A Paladin’s Steam Review: Analogue: A Hate Story. A Dark But Great Anime Visual Novel.

Steam Review for Analogue: A Hate Story for Windows, Mac and Linux.

Steam Review for Analogue: A Hate Story for Windows, Mac and Linux.

Taking a look at the first Anime Visual Novel I ever played.

I had avoided AVNs for years before I finally took the plunge with Analogue. What finally got me to even consider the genre? A couple of reviews I had read about this game when it came out. While I did review Without Within first, that was just timing more than anything else. I had intended on this to be the first review for this genre.

Read my review of Hate Plus.

Read and Rate My Steam Review of Analogue: A Hate Story.

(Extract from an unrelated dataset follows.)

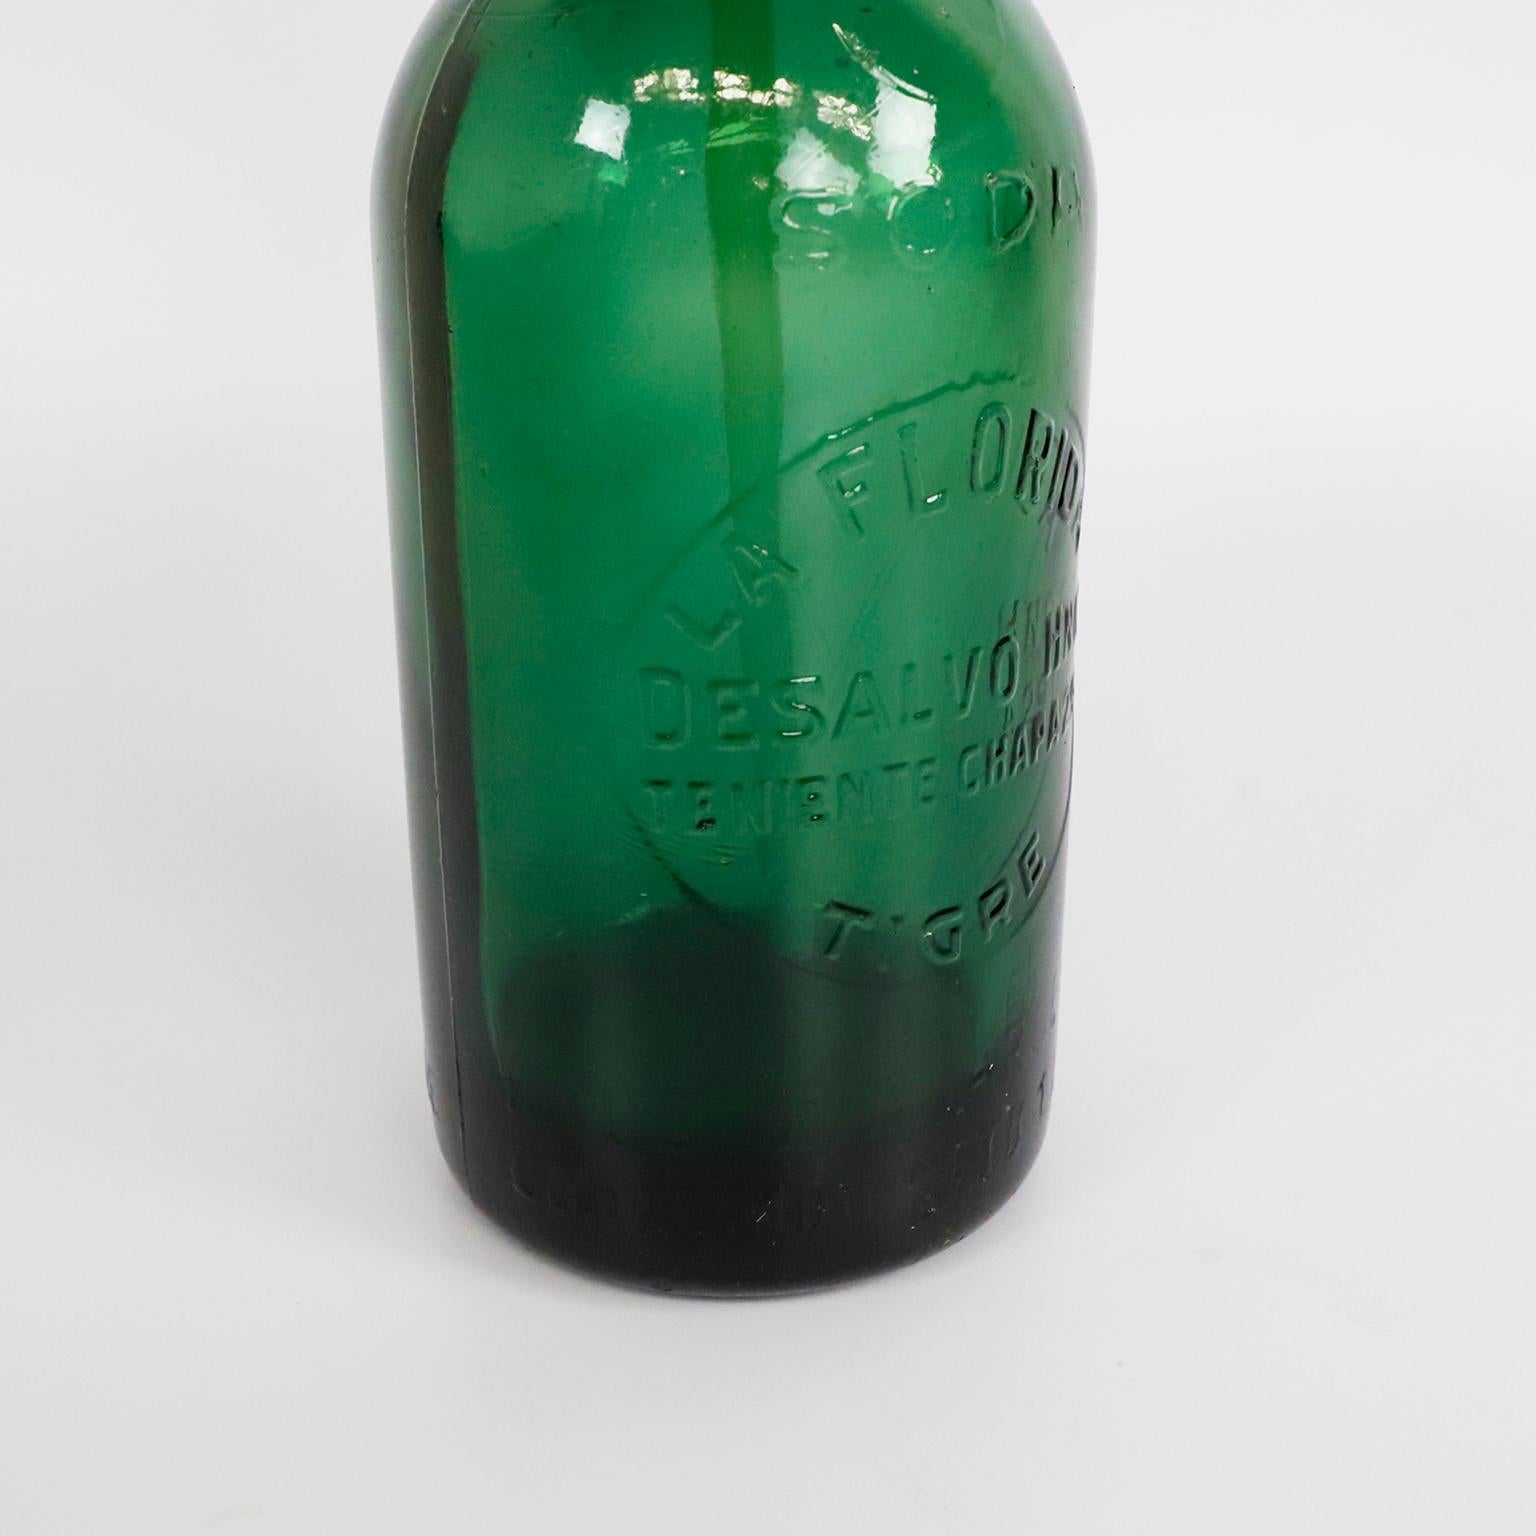 Um 1940. Wir bieten diese Vintage grün Soda Siphon, hergestellt in Argentinien.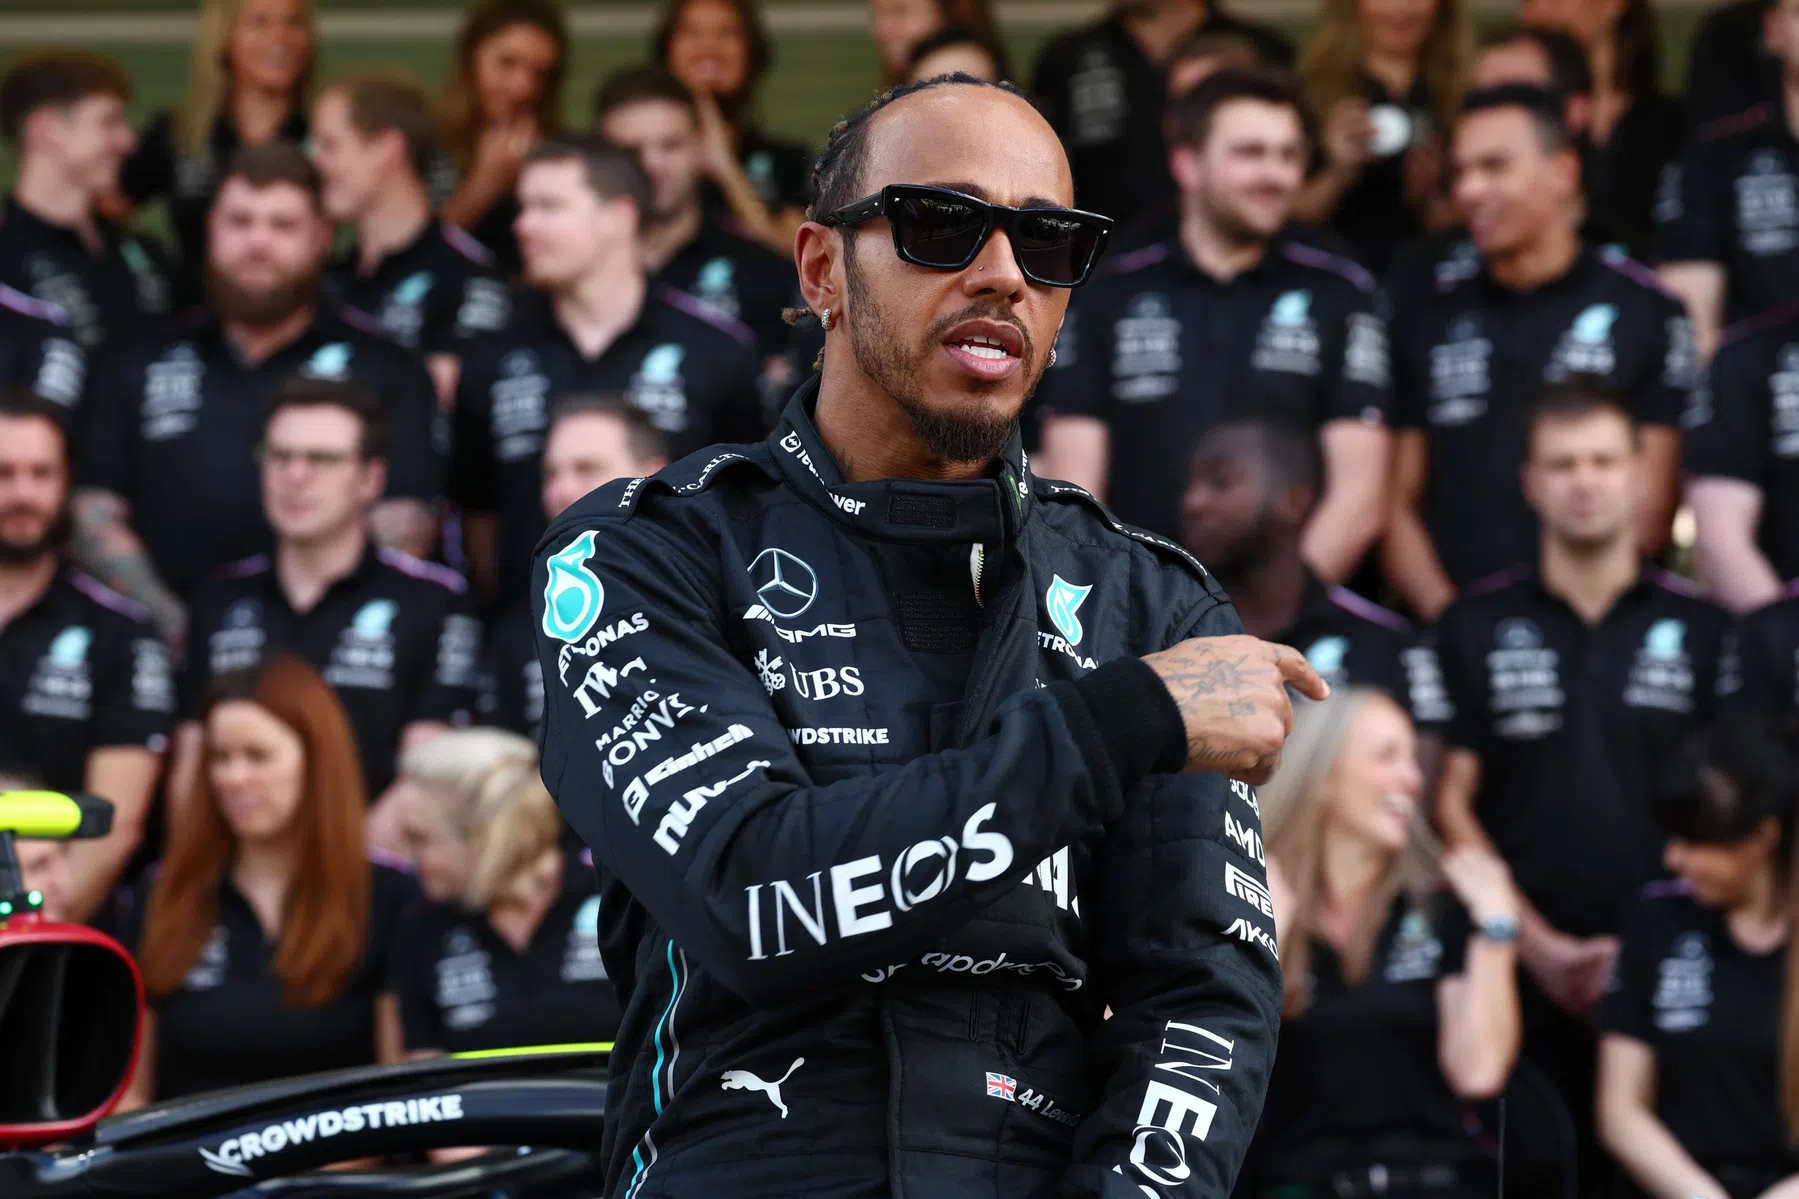 La cláusula del contrato Mercedes de Lewis Hamilton

A Paladin’s Steam Review: Analogue: A Hate Story

  • Genre: Anime Visual Novel.
  • Developed & Published by: Love Conquers All Games
  • Platform: Windows, Mac OSX and Linux.
  • Business Model: Base Game.
  • Copy Purchased by Myself

My first foray into the Anime Visual genre got started on a darkly toned story. No, I didn’t know what I was getting into. But, I don’t think I couldn’t have started off on a stronger note.

Overall Story Thoughts
Analogue starts off light enough. You’re an investigator, hacking into the Mugunghwa, a colony ship that lost contact with Earth a long time ago, and are greeted by a cheerful AI who’s just happy to see anyone communicate with her. She can talk to you but you can’t talk to her due to a translation problem/mcguffin. Yes/No/Maybe are the answers you can give her. So, you need to read the ship’s logs, point the AI to one of them and see what they say about it. Put clues together and figure out what went wrong. It’s when you discover the second AI that things start to get a little distributing. I won’t say anything more specific because that will run into spoiler territory and really, this game is all about the story.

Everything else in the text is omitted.